Examples of Good Connections

• A “shiny” ground connection (in a dirty environment).

• Connections to 24V battery posts neatly dressed and protected.

Examples of Bad Connections

• Corroded battery terminal.

• Chassis ground connection onto a powder coated surface.

• Chassis ground connection onto a painted surface.

• Loose and fraying connection.

Other Considerations for a Continuous Connection to a Battery

Heavy duty vehicles used in the construction industry are often fitted with master battery disconnect switches. These switches, as their name implies, are used to disconnect a vehicle’s electrical systems from the battery in order to avoid having these systems drain the battery (if the vehicle is not used over an extended period of time).

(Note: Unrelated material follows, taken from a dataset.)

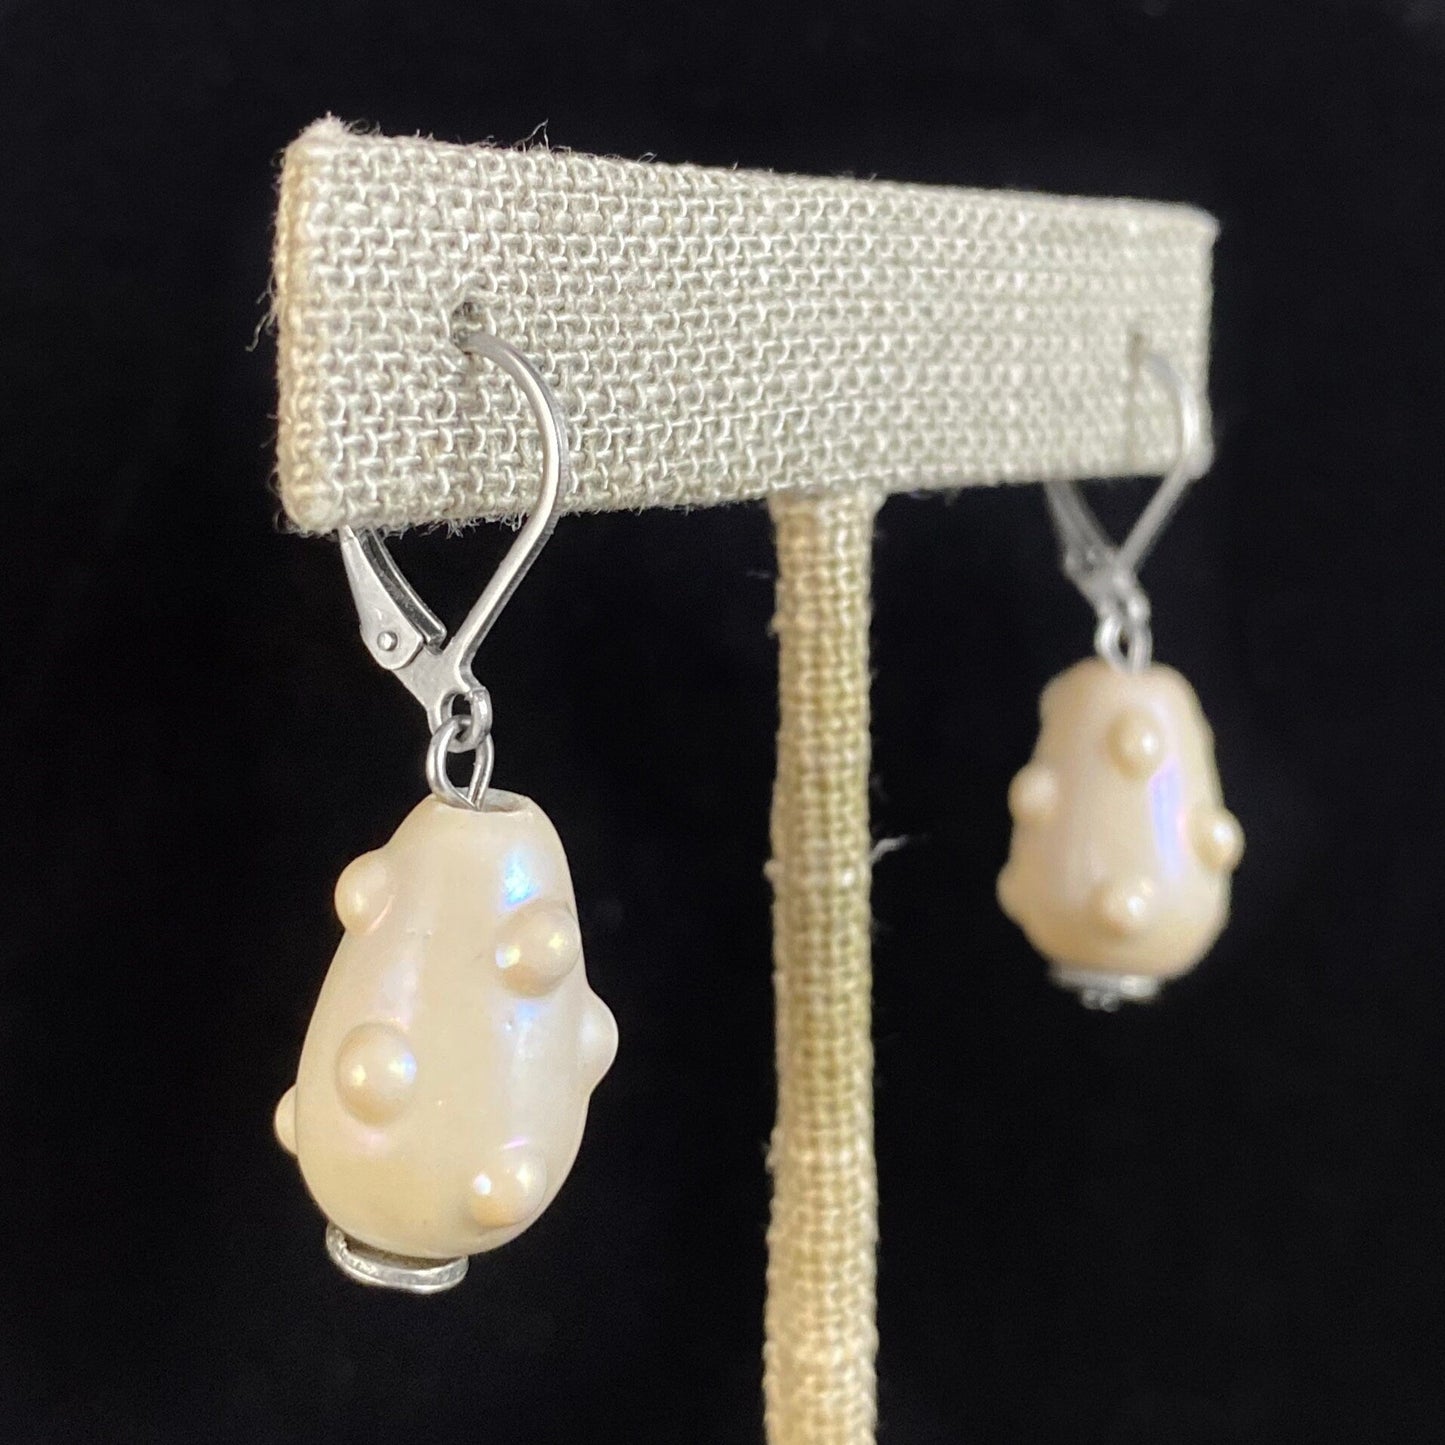 Unique Textured Oval Bead Earrings - Handmade in Canada, Anne-Marie Chagnon Jewelry

Tenna trackers are designed to not drain the asset's battery. Some Tenna trackers consume very little power when connected to the battery and ignition is off (less than a battery’s self-discharge rate), while some other Tenna trackers consume no power from the battery when the ignition is off (and rely uniquely on their built-in tracker battery for their continued operation).

Connecting Tenna trackers to the non-switched side of the master switch is important for proper tracker and Tenna operation. 12V or 24V should be available to the tracker when the master switch is engaged and also when the master switch is not engaged.

Testing a connection with a master switch (24V present for the tracker at all times).